ASSIGNMENT>
Copy exactly and only the lines running from the one that contains "Jacket - Obsidian" to the final line of the data below, without the pictures.

MATERIAL PROVIDED>
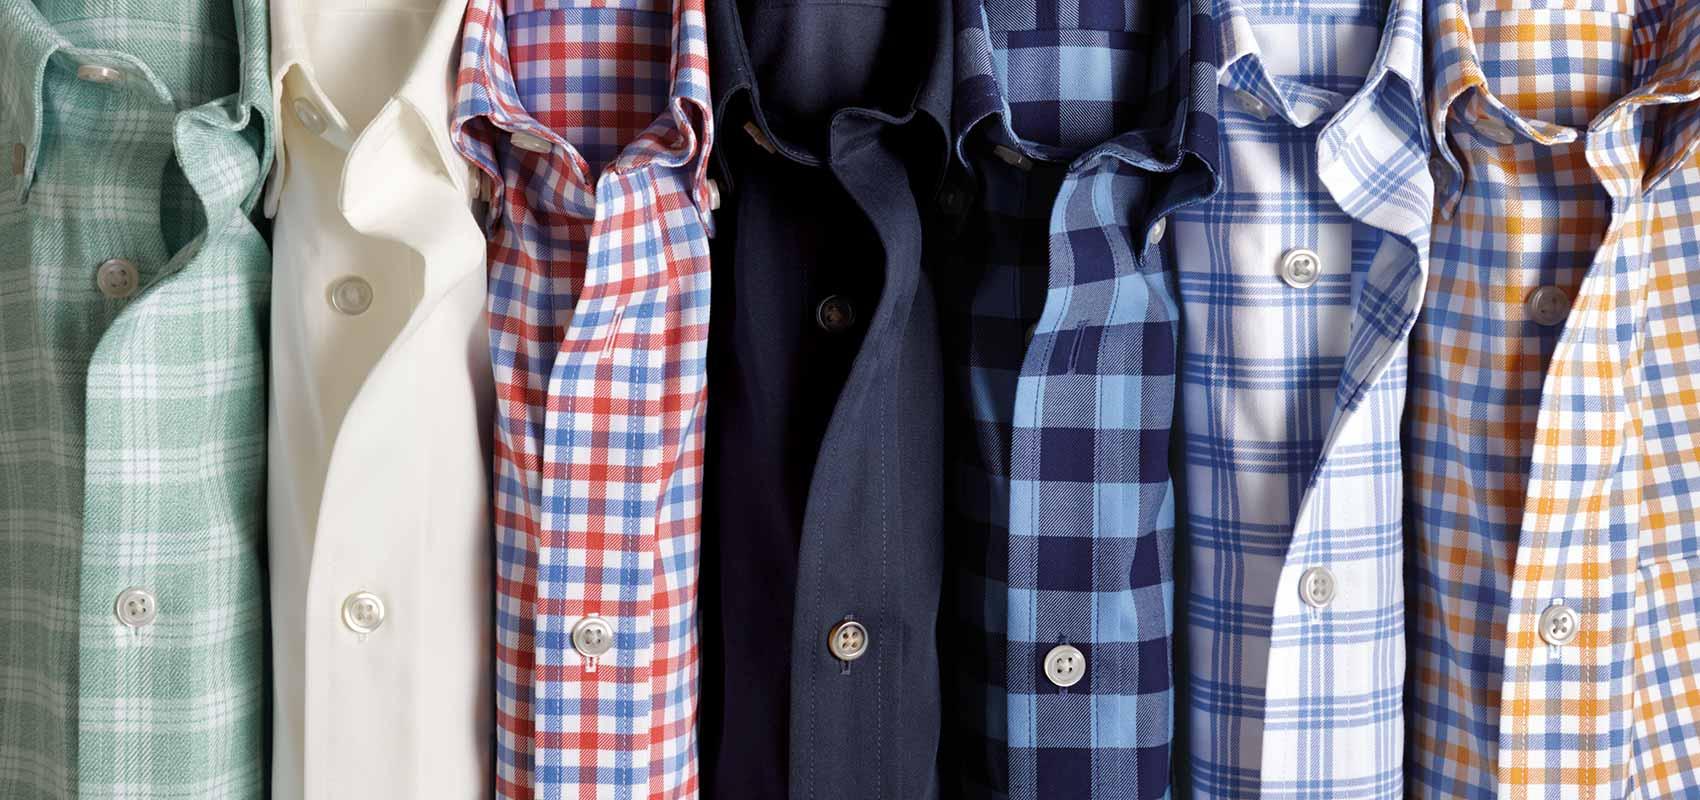 Charles Tyrwhitt  non-iron casual shirts
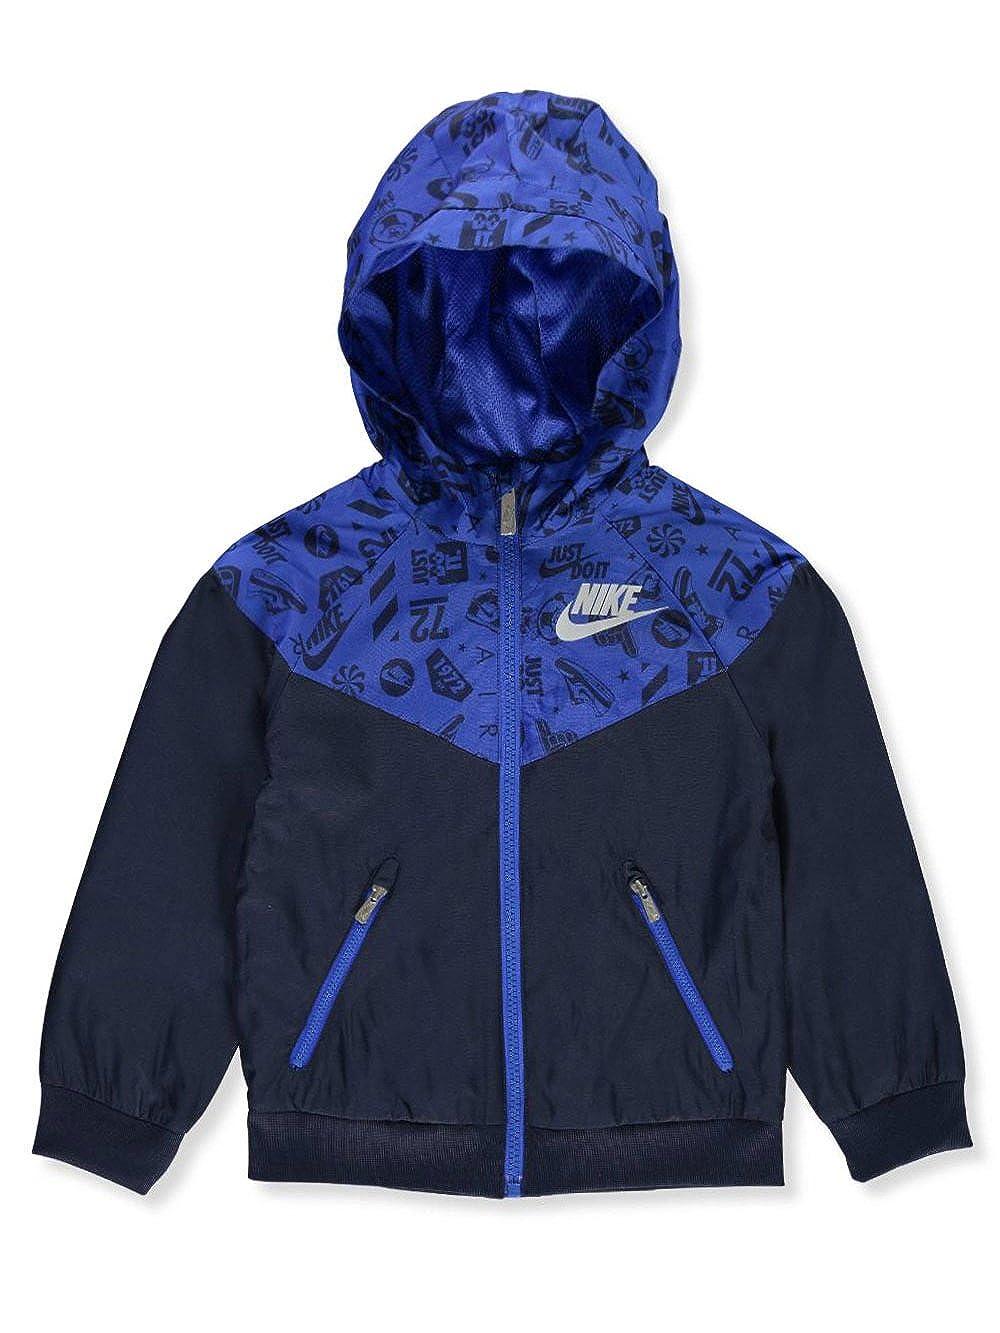 fccbe22a9973 Amazon.com  Nike Boys  Hooded Windbreaker Jacket - Obsidian
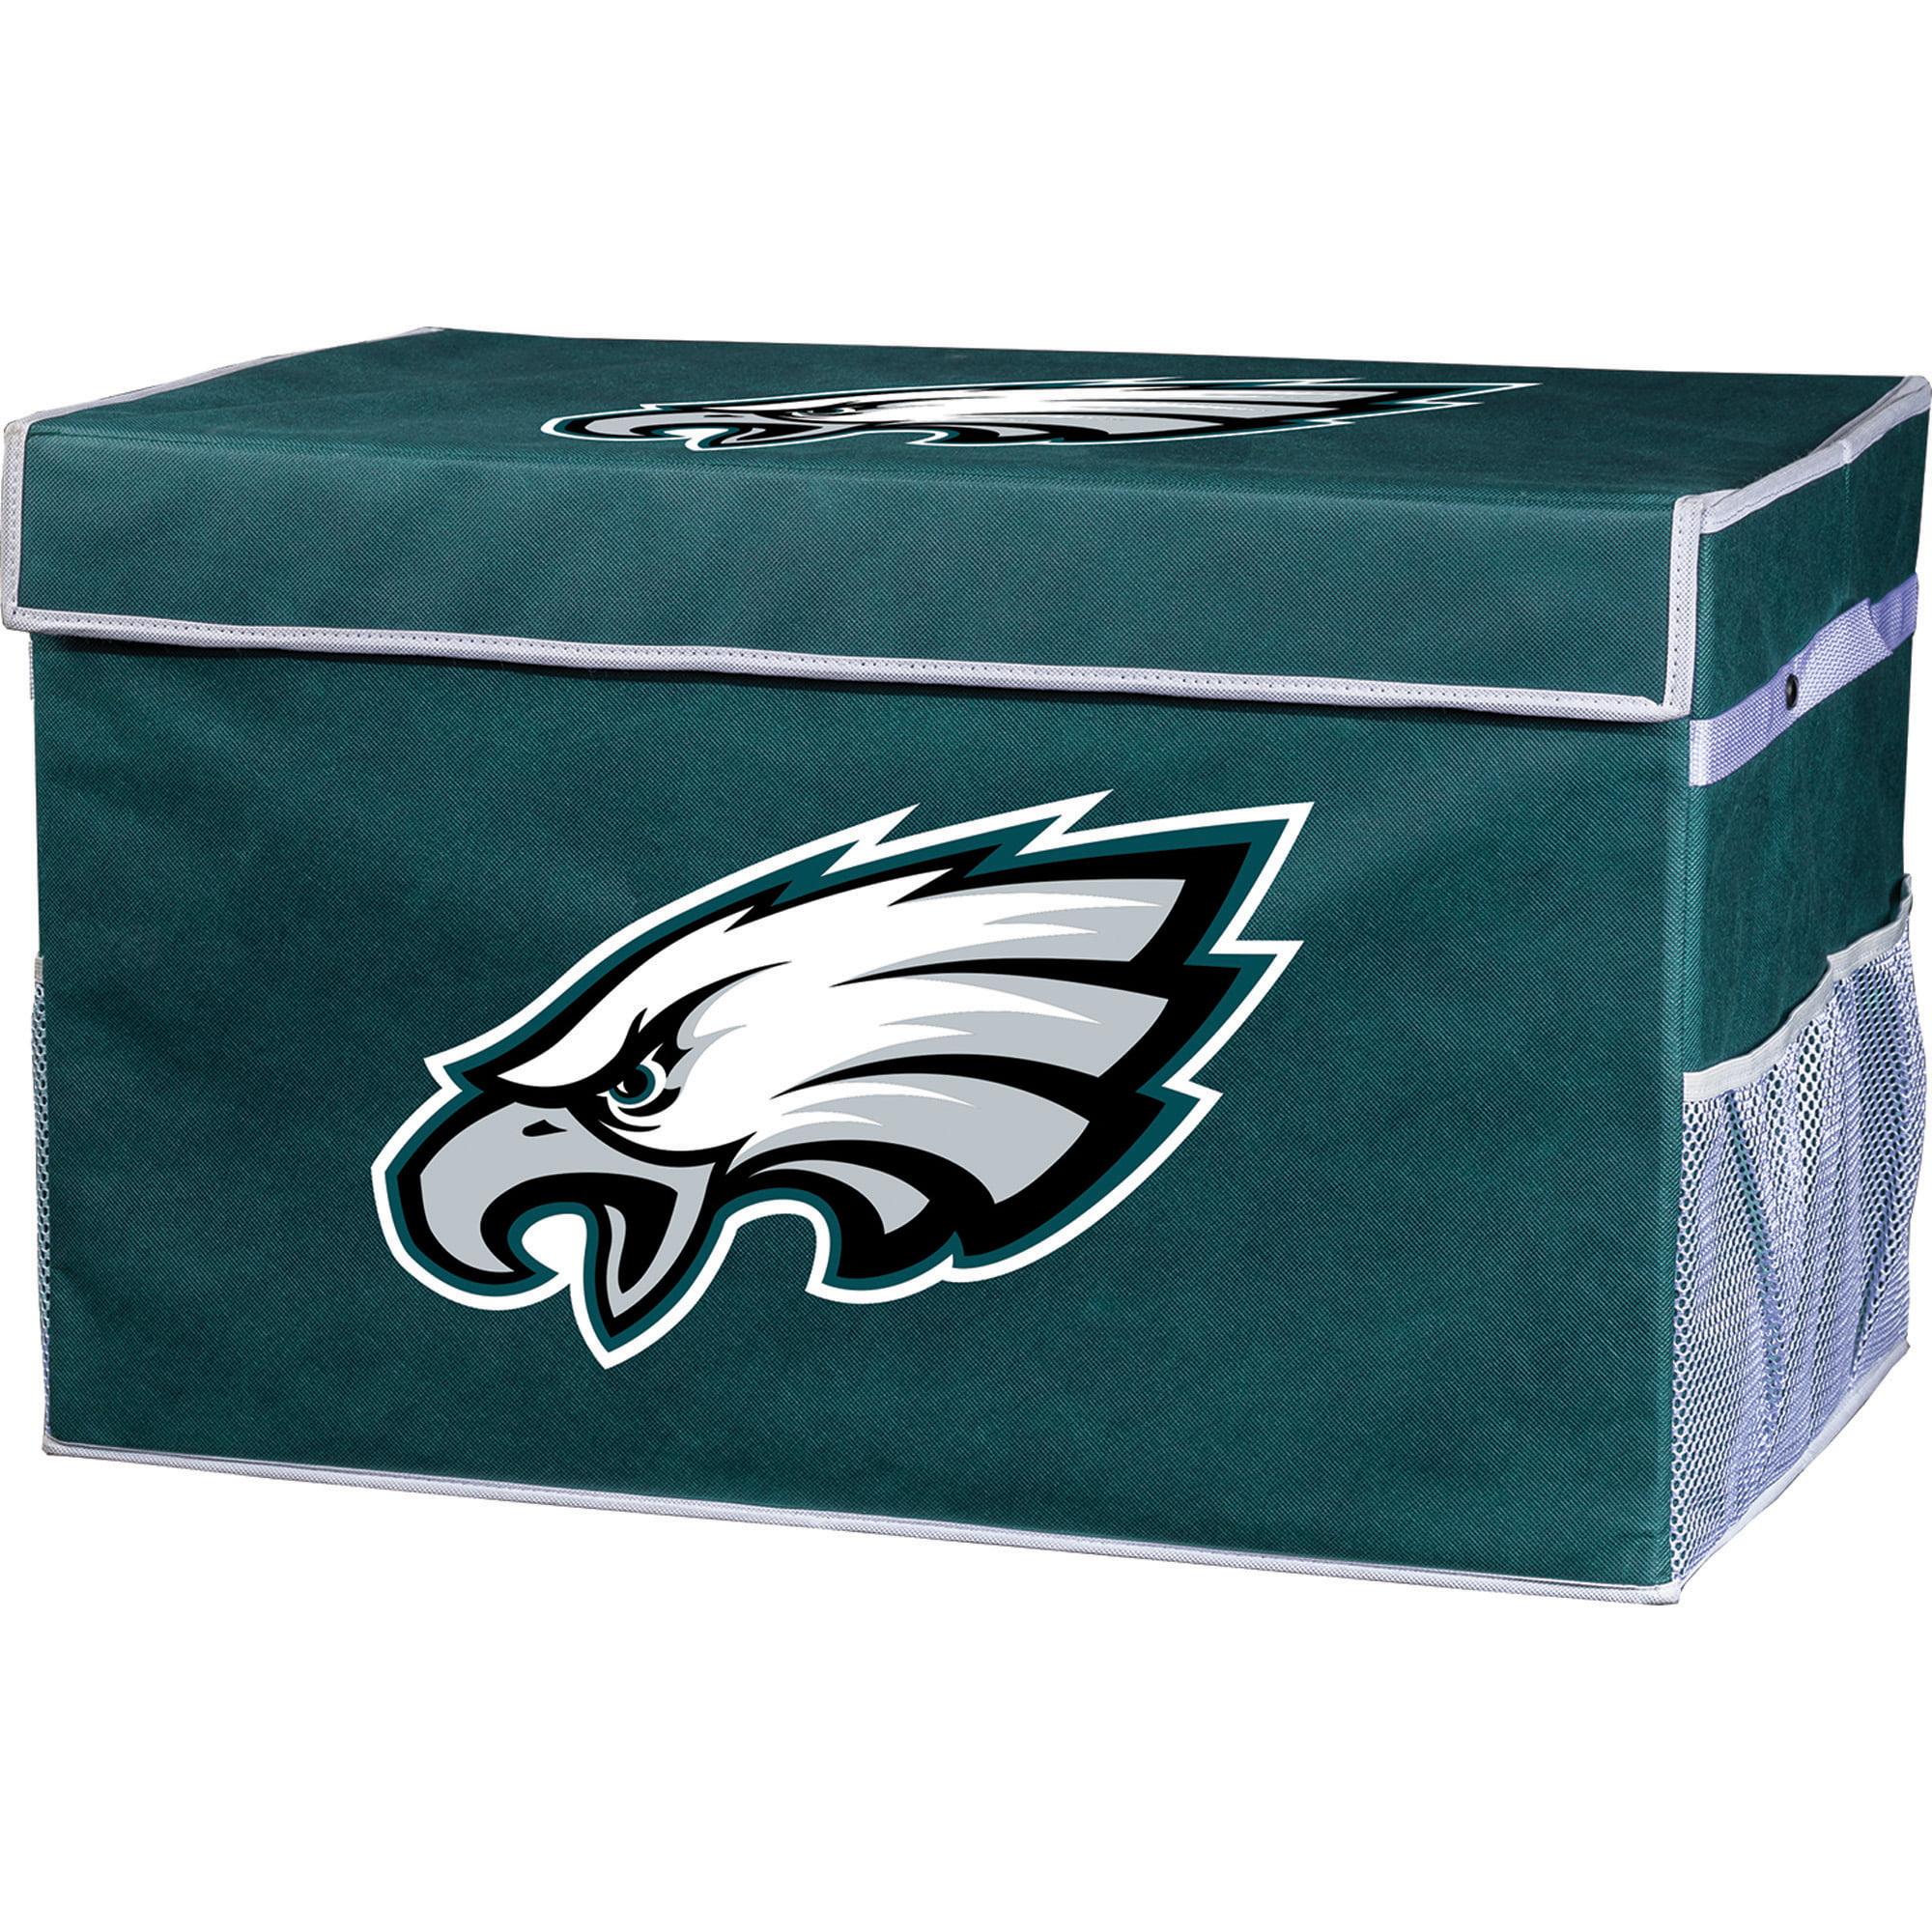 Franklin Sports NFL Philadelphia Eagles Collapsible Storage Footlocker Bins - Large

OUTPUT OF THE EXERCISE>
 fccbe22a9973 Amazon.com  Nike Boys  Hooded Windbreaker Jacket - Obsidian
 Franklin Sports NFL Philadelphia Eagles Collapsible Storage Footlocker Bins - Large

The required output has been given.